After the diversion of the departmental road in 1970 and the dismantling of the railway line in 1971, which since 1901 had favored the activity of the factory, the latter expanded in 1973 by a new Building and now occupies almost the whole thalweg.
The village of Niederbruck owes, among other things, to the industrialist Joseph Vogt who was its mayor for 28 years (from 1891 to 1919) its chapel (laying the foundation stone on 12 May 1913), and on the rock of The Eichstein, visible from the road, the statue of the Virgin and the child. It was executed by the famous Parisian sculptor Bourdelle in 1923, following a vow made by the Vogt family during the war of 1914-18. This statue is one of the 100 masterpieces of France, according to the title of an exhibition of photographs, where it figured.
The present chapel replaces another built after 1728, following a petition from the eighteen village heads of the village to the Bishop of Basel. According to tradition, after the Thirty Years' War there would have been a chapel, no doubt tiny, in the village.
The petition of 1728 also asked for permission to employ a person who would teach the children and preside over devotional exercises in the chapel. Another petition of 1774 to the same bishop of Basle tells us that it is the hermit Jean Schmit who performs the functions described above. With the consent of the parish priest of Masevaux, the inhabitants of Niederbruck wish to keep him for life.
The old chapel, as it was then called, was badly damaged on the day of the liberation of the village on 27 November 1944 by the blasting of the beautiful bridge which crossed the Doller from a single arch, First years of the century. What remained of the chapel was shaved and the ground leveled. The three old lime trees between the two bridges recall the little square in front of the old chapel.
As we have seen, a school has been operating in Niederbruck since about 1730. As in 1842 the school, designed for 60 students, proved too small for the 80 who attended it, it was replaced by a larger one. This is certainly the current elementary school. A photograph of the end of the last century still shows 80 schoolchildren.
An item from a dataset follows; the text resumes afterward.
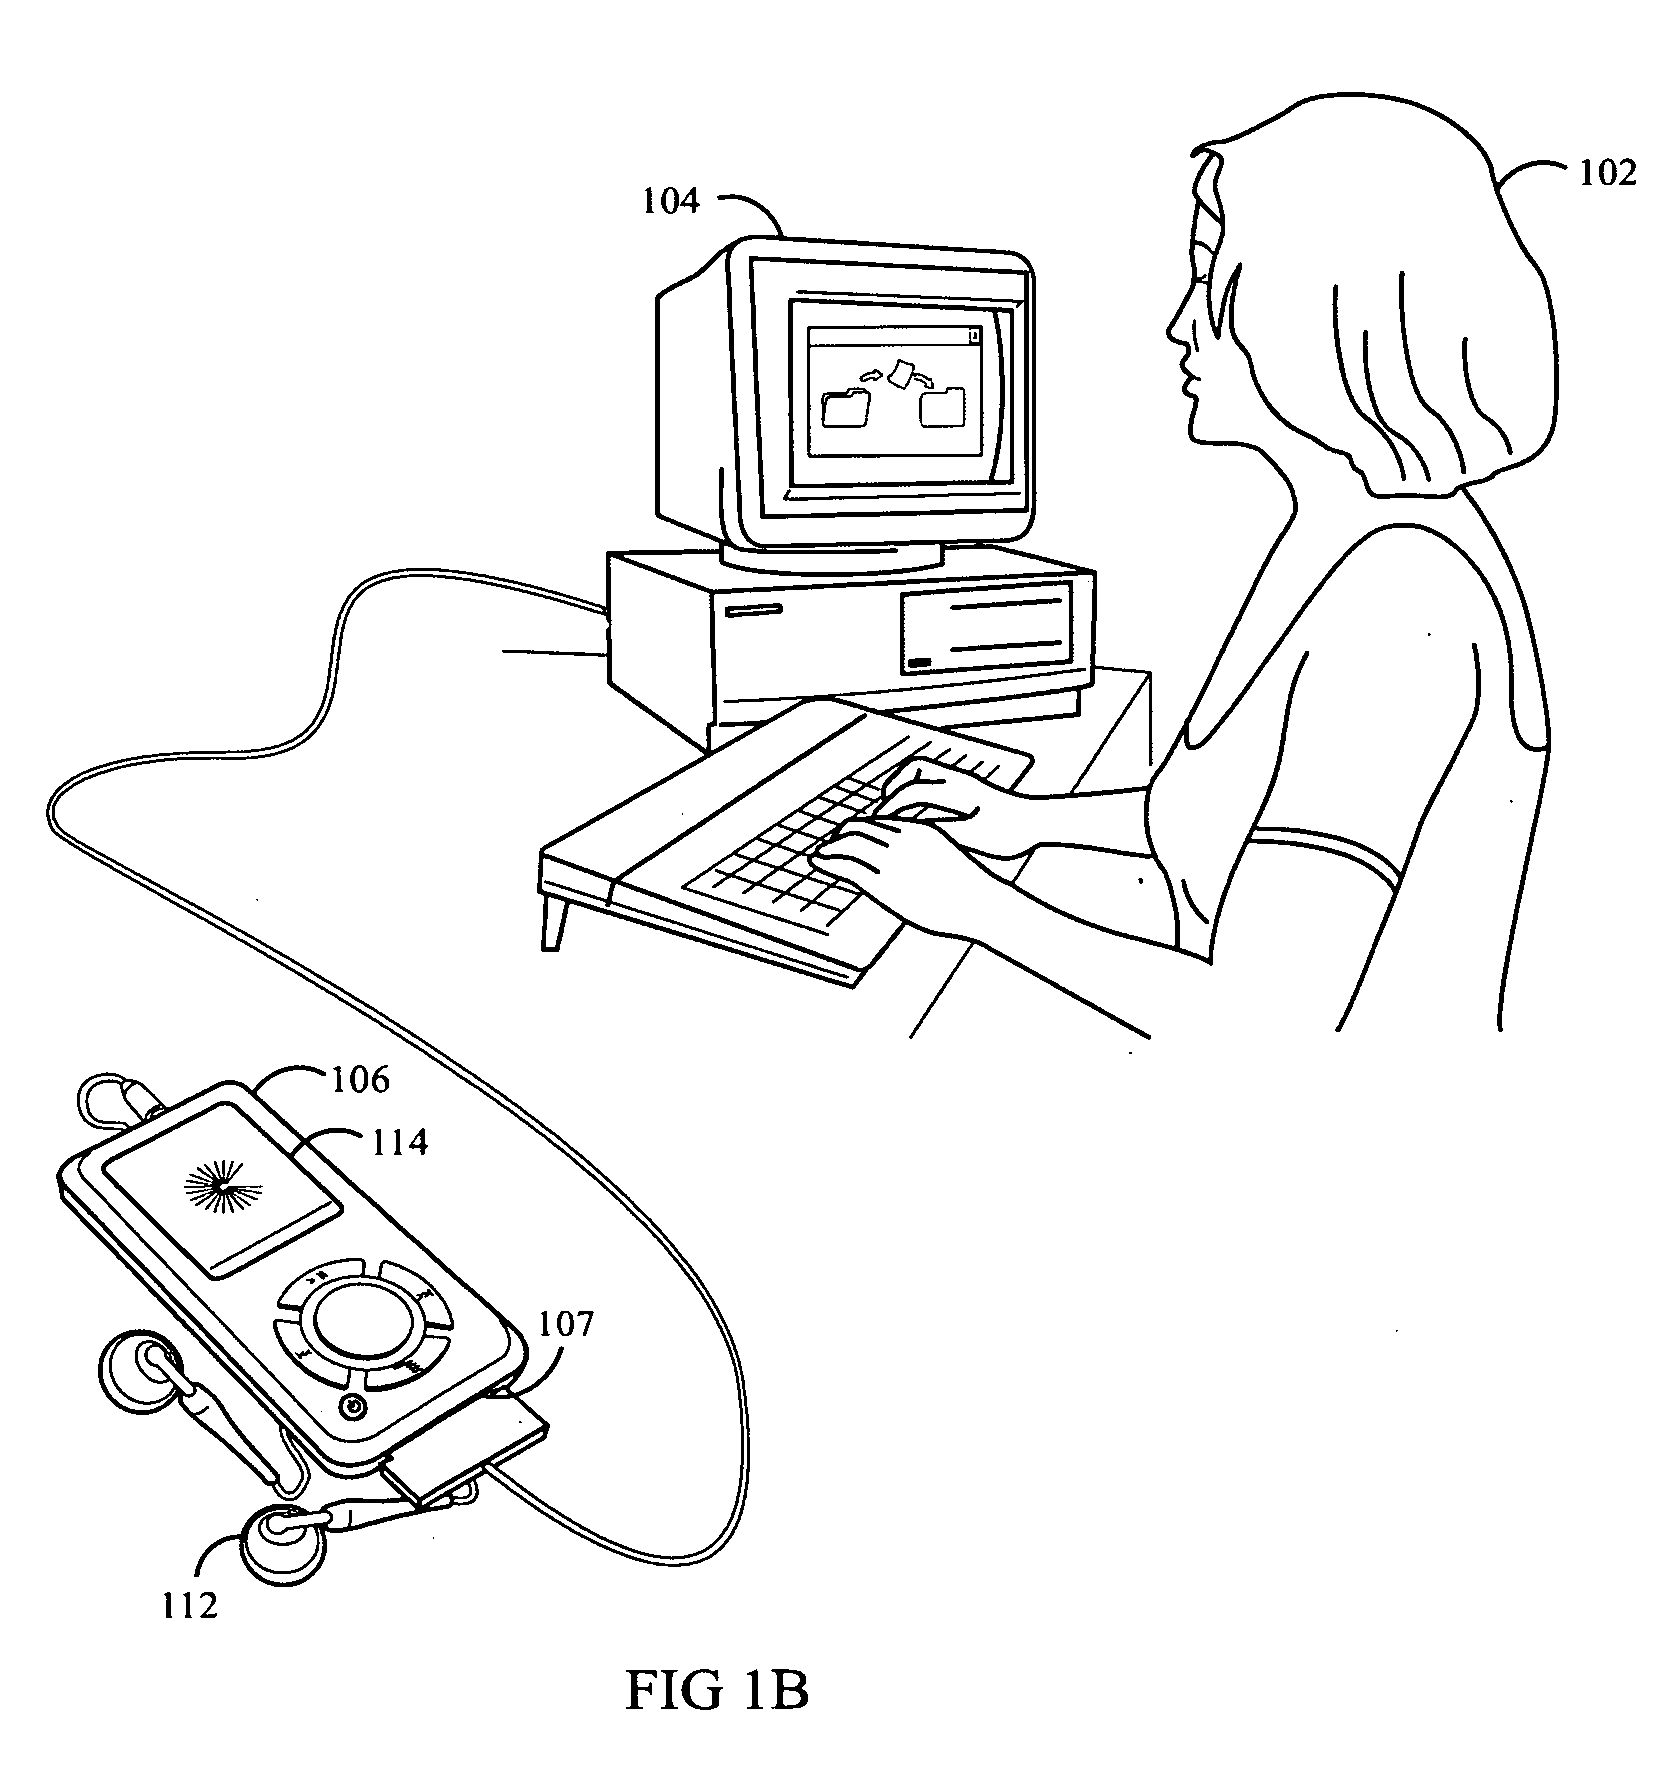 Device for Optimized Exercise Training of a Diabetic

It is known that around 1850 she was a nun who taught at Niederbruck.
Niederbruck counted about 1800 240 inhabitants, in 1975 305 and at the moment about 465 thanks to the new constructions.
If, for about a thousand years, the language of the people was German, for the last thirty years the majority of people speak only French among themselves.
On 1 January 2016, the municipality of Niederbruck merged with the municipality of Masevaux, becoming the new commune of Masevaux-Niederbruck.